Supplementing your loan She says that veterinary students would be happy to earn the money that would help them pay their way through college but have fewer opportunities to do so compared with all other undergraduates. “When you add the 12 weeks of Extra Mural Studies in the preclinical years to the 28 weeks in the later part of the course, the one week attendance at an abattoir, three weeks at Bristol working at the small animal hospital and the possibility of re-sits, there isn’t a lot of time left. Those students that can get paid work generally go back to the jobs that they had before coming to university and that is usually no more than about six hours a week.”
Even more costs However, any financial problems suffered by veterinary undergraduates are minor compared with those facing self-funding foreign students and those UK students that have already completed degrees in zoology, animal science, etc. They have to pay full tuition fees of more than £15,000 a year and their debt on qualification averages around £70,000. Not surprisingly, these UK postgraduates are the most enthusiastic supporters of the AVS’s demands for changes to the current system, Heather notes. But the Association has realistic expectations of what can be achieved in the immediate term. Heather says her colleagues accept that a campaign to eliminate tuition fees during the clinical years would be too ambitious in the current climate. But she feels students do have a good case in pressing for some funding to cover travel and living expenses during clinical EMS placements. Increasingly, she says students find that they have to turn down attractive and educationally valuable offers because of the costs involved.

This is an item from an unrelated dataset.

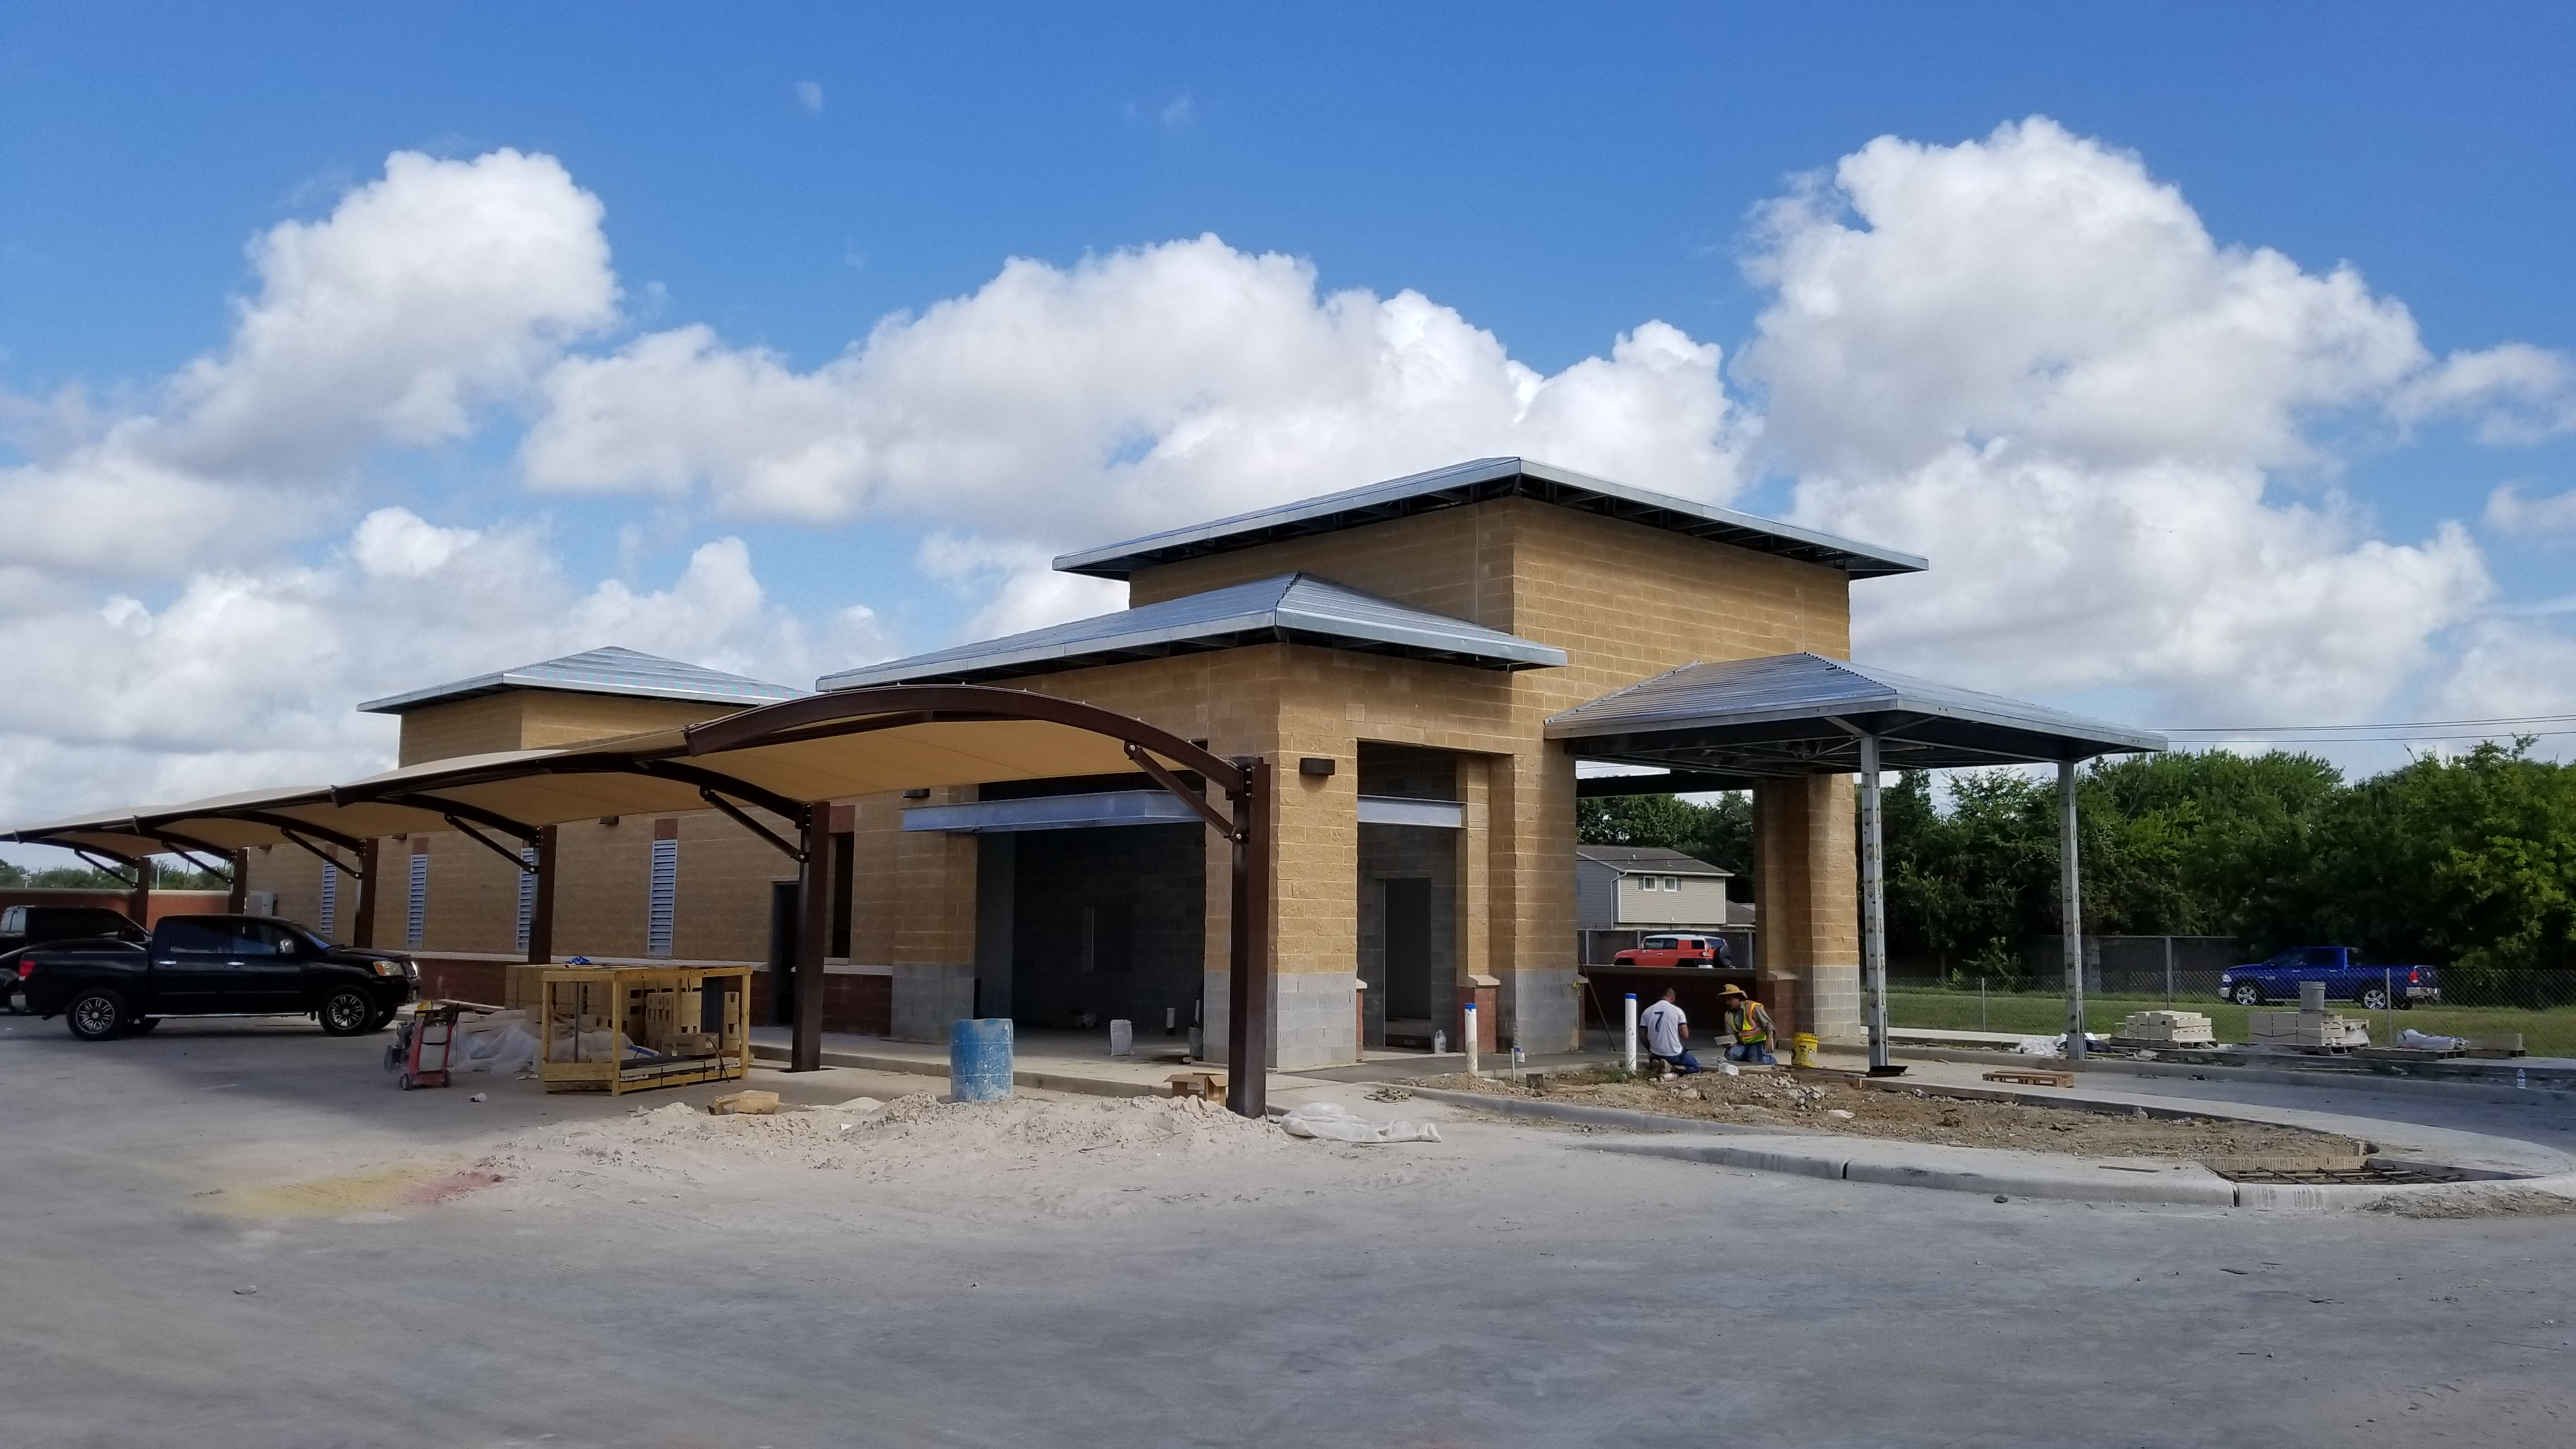 JJ's Car Wash - League CIty, Texas - Fidelis Delvelopment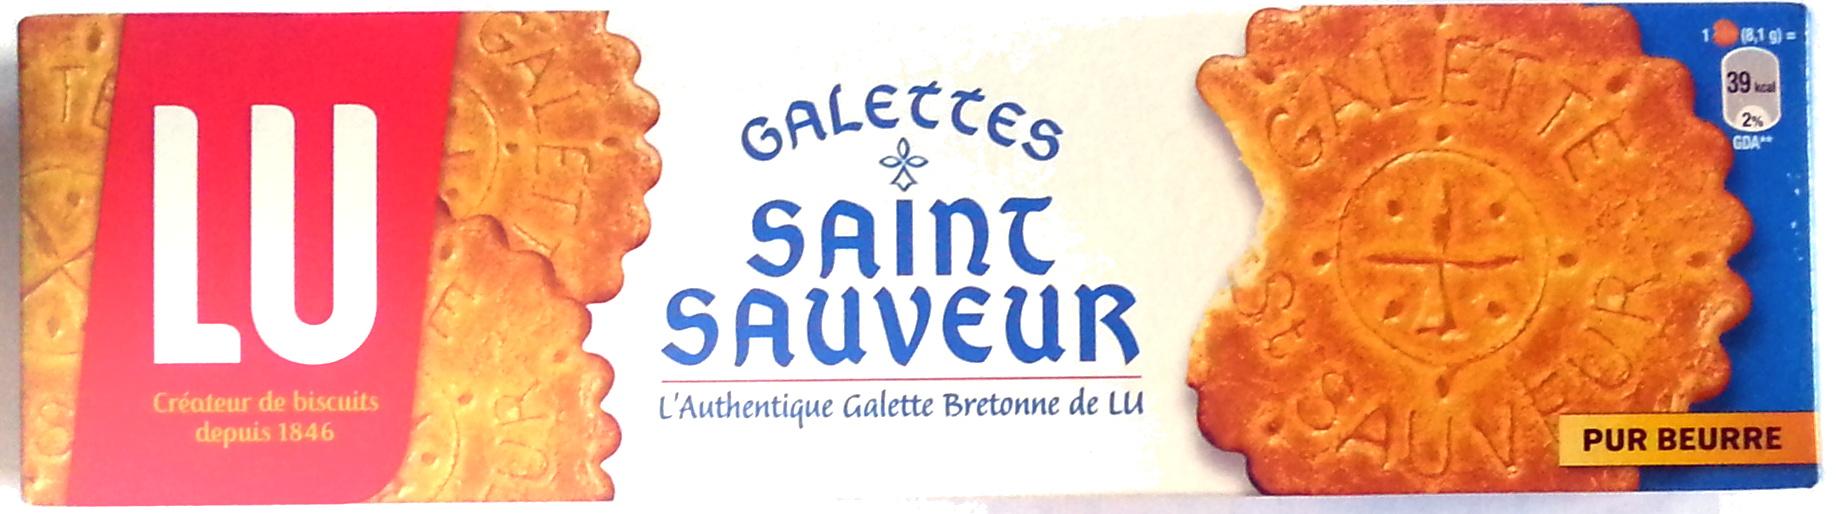 Galettes St Sauveur, Lu (130 g)

Impact on the profession Unless something can be done to ameliorate the financial concerns of students, Heather believes the effects on veterinary school intakes will be serious in that only the offspring of supportive and well-off parents will be able to consider taking up a place at vet school. Moreover, it is also likely to exacerbate existing problems in providing large animal veterinary services. “My dream has always been to go into farm practice but with the combination of debts and the uncertain future of agriculture then I can see that I might have to reconsider,” she says. Yet, like most of her classmates, Heather is still convinced that she made the right choice in applying for a veterinary course. “If I’d known about the size of debt that I would be facing on graduation, then it is possible that I might have thought about doing something else. But I really don’t think it would have been enough to put me off, being a vet is something we have all wanted to do for a long time and we’ve worked very hard towards it. I suppose that we are resigned to the fact that paying off loans will take much longer than we thought and swallow up a much larger part of our salary.”
Article taken from the July 2007 issue of BSAVA News.